* **Brief**:
Give back all of the data exactly, with every picture omitted.

* **The data**:
[Start of section]

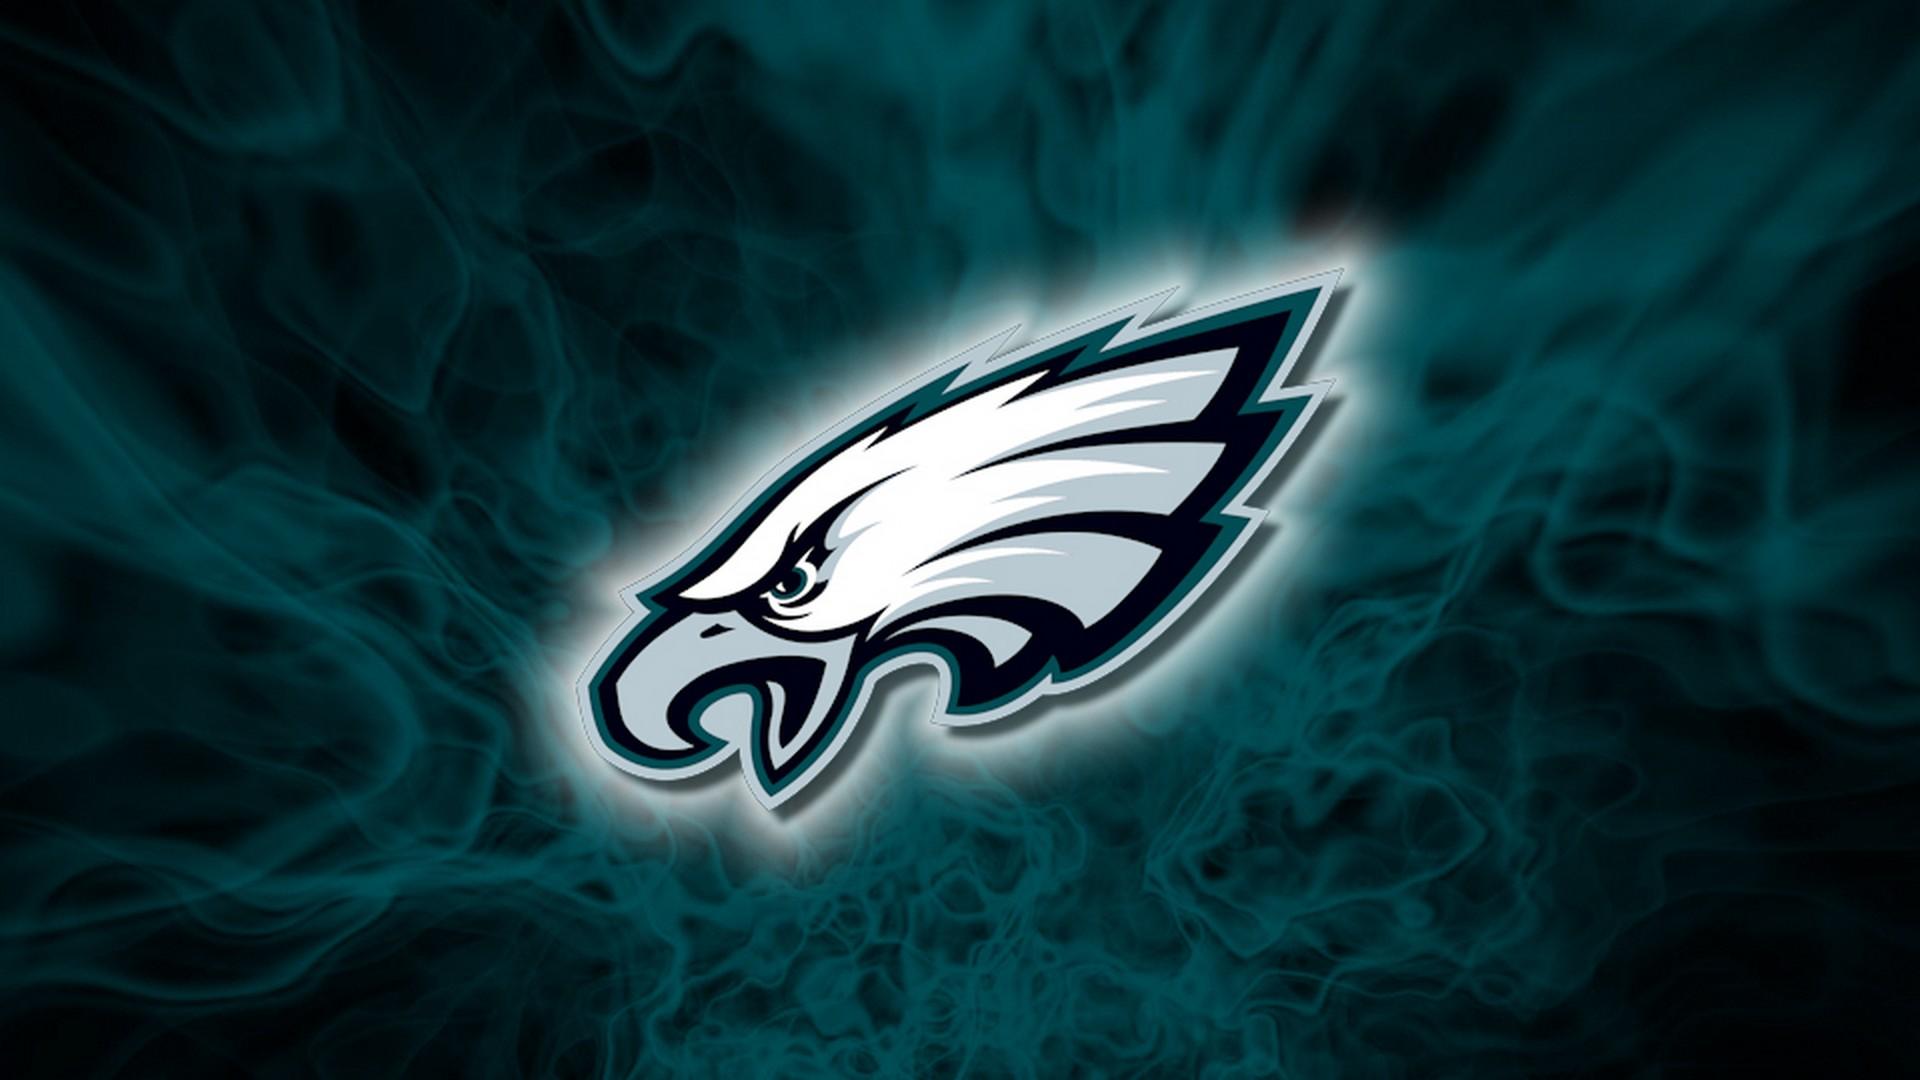 Philadelphia Eagles Wallpaper For Mac Backgrounds 2019 NFL 1920x1080
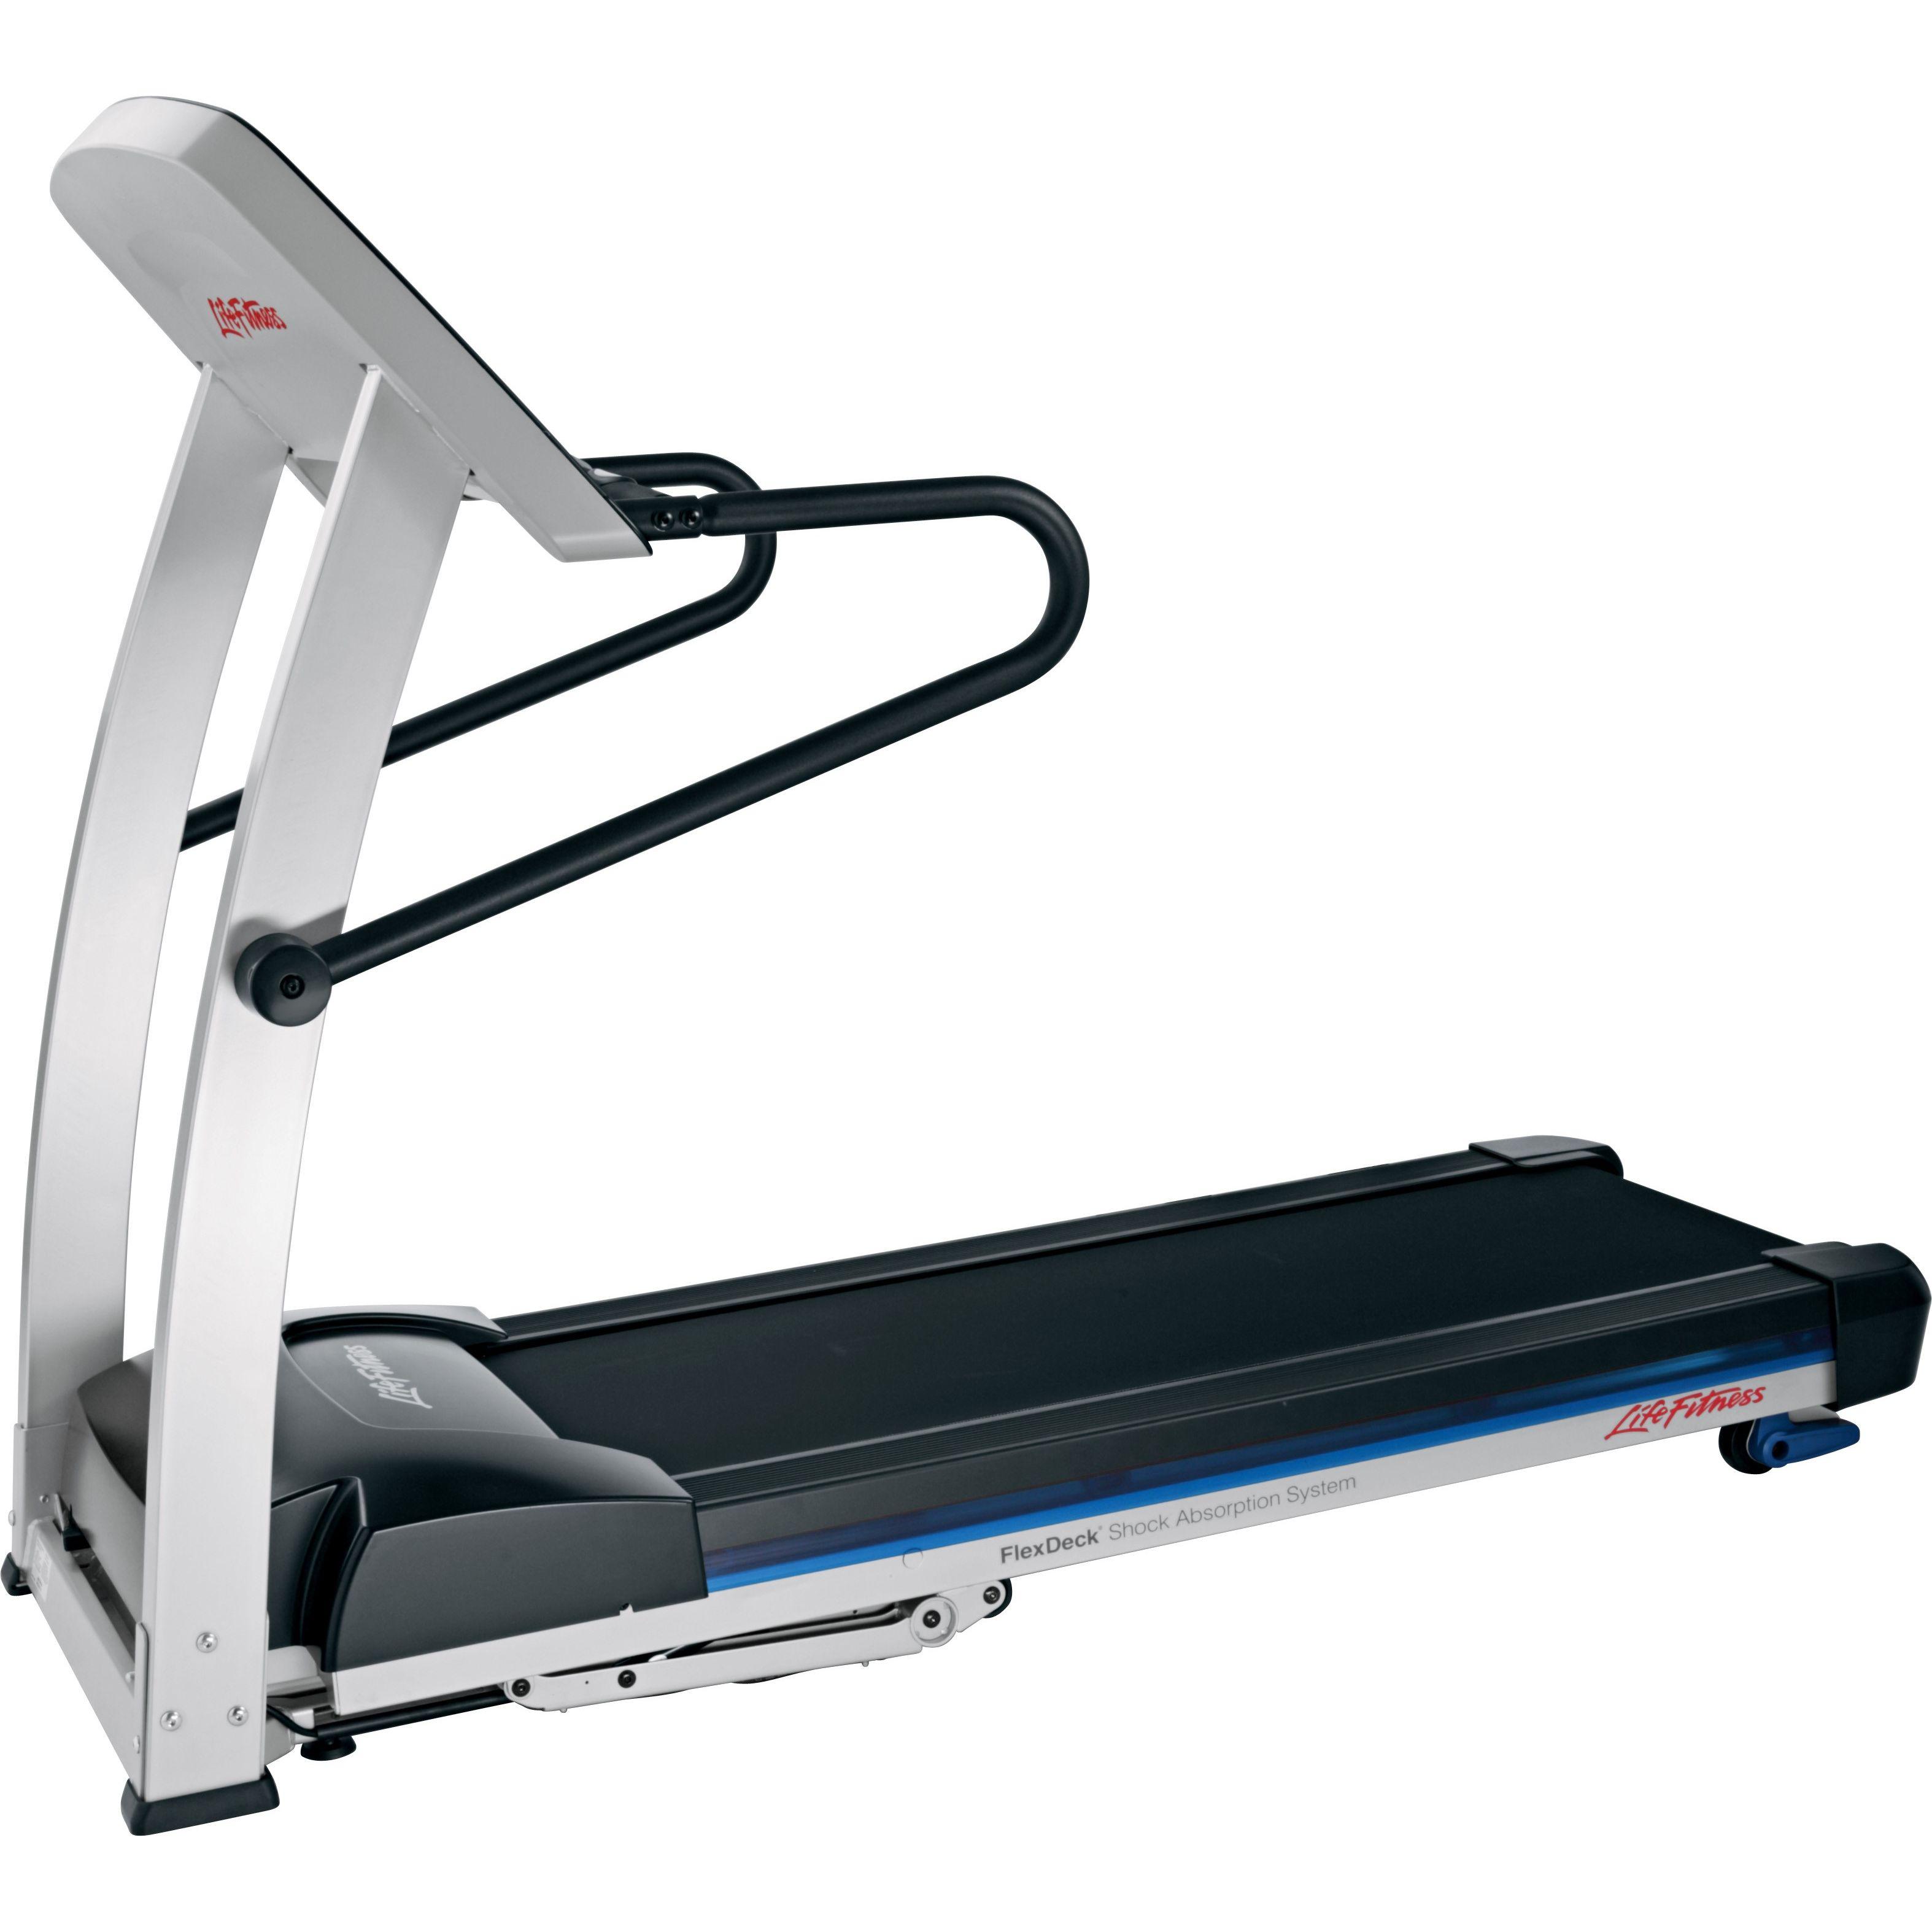 Life Fitness Treadmill Bahrain: Life Fitness F1 Smart Treadmill
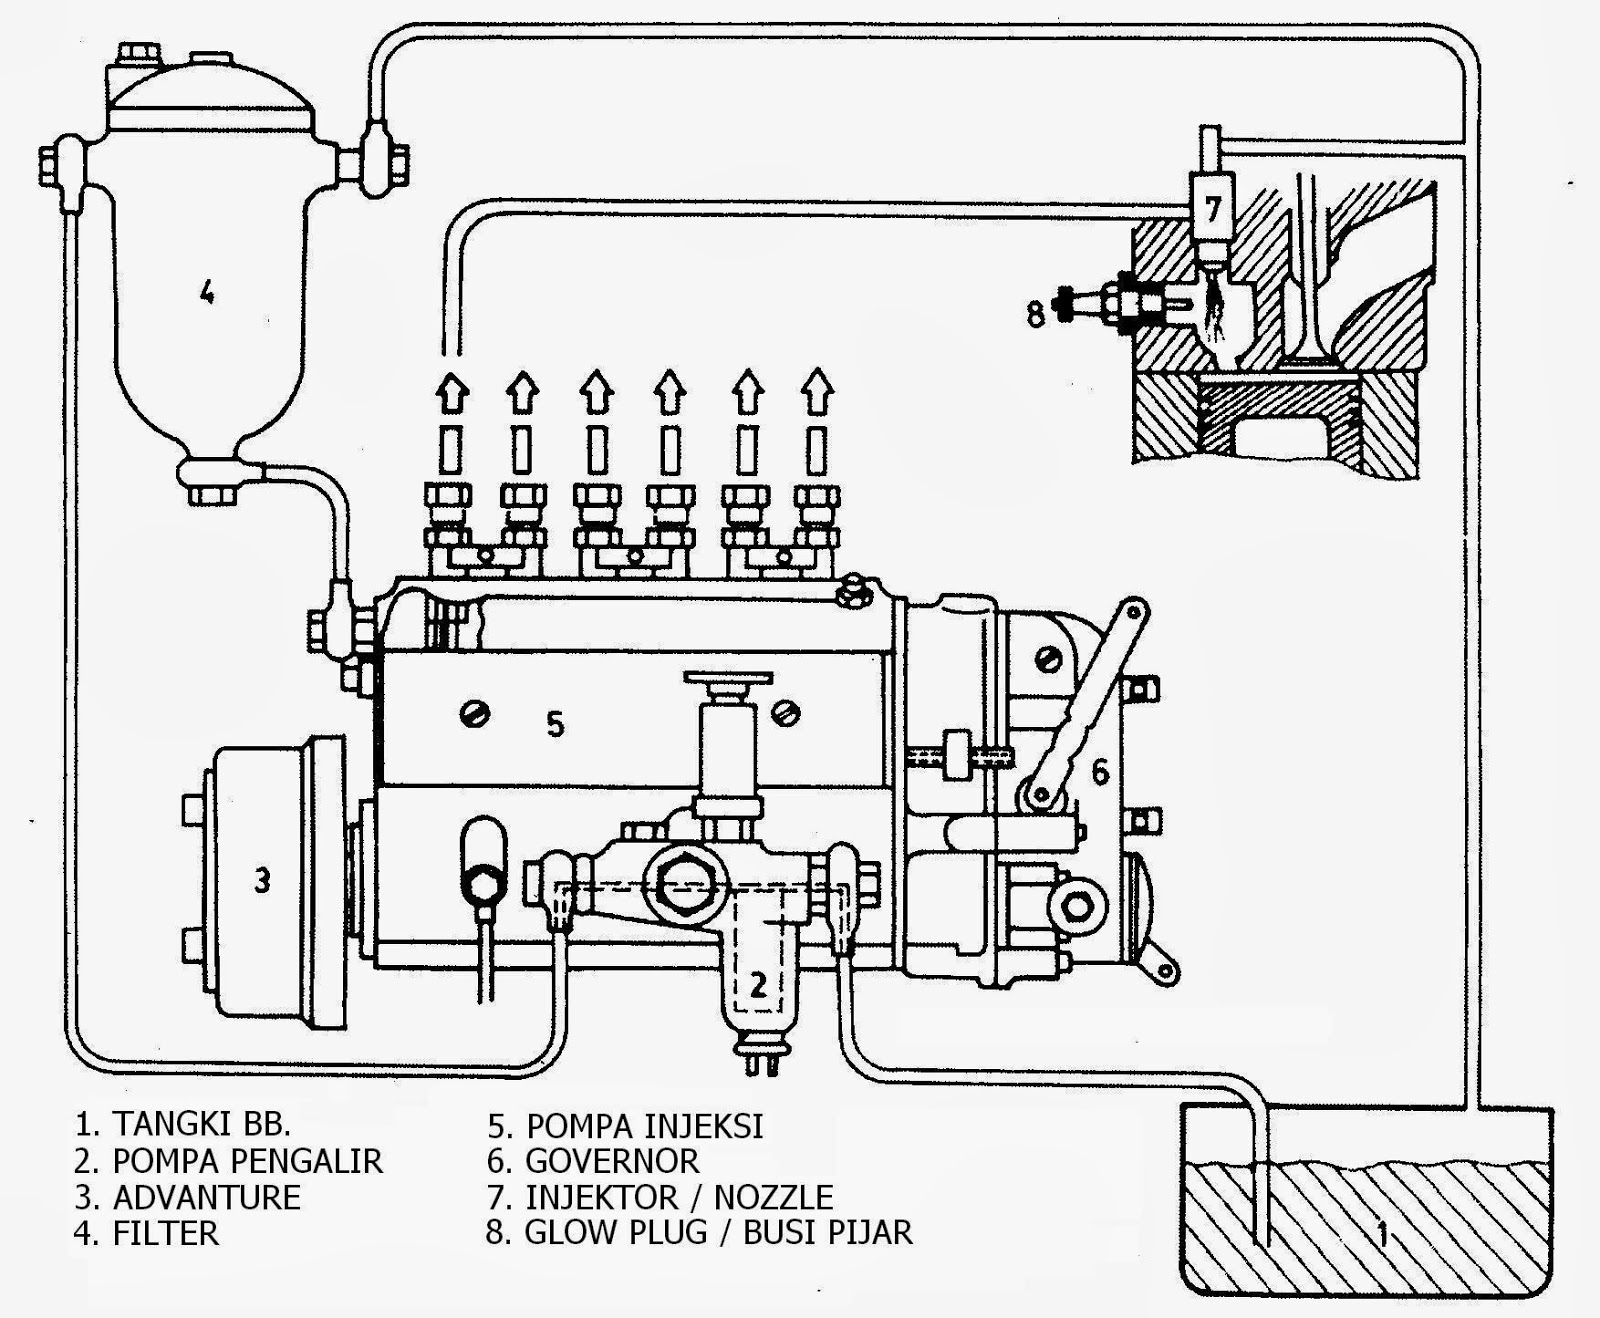 small resolution of 04 hyundai elantra fuse box diagram hyundai auto wiring 2003 hyundai santa fe audio wiring diagram 2000 hyundai tiburon wiring schematic

[End of section]

* **Answer for this exercise**:
 Philadelphia Eagles Wallpaper For Mac Backgrounds 2019 NFL 1920x1080
 Life Fitness Treadmill Bahrain: Life Fitness F1 Smart Treadmill
 small resolution of 04 hyundai elantra fuse box diagram hyundai auto wiring 2003 hyundai santa fe audio wiring diagram 2000 hyundai tiburon wiring schematic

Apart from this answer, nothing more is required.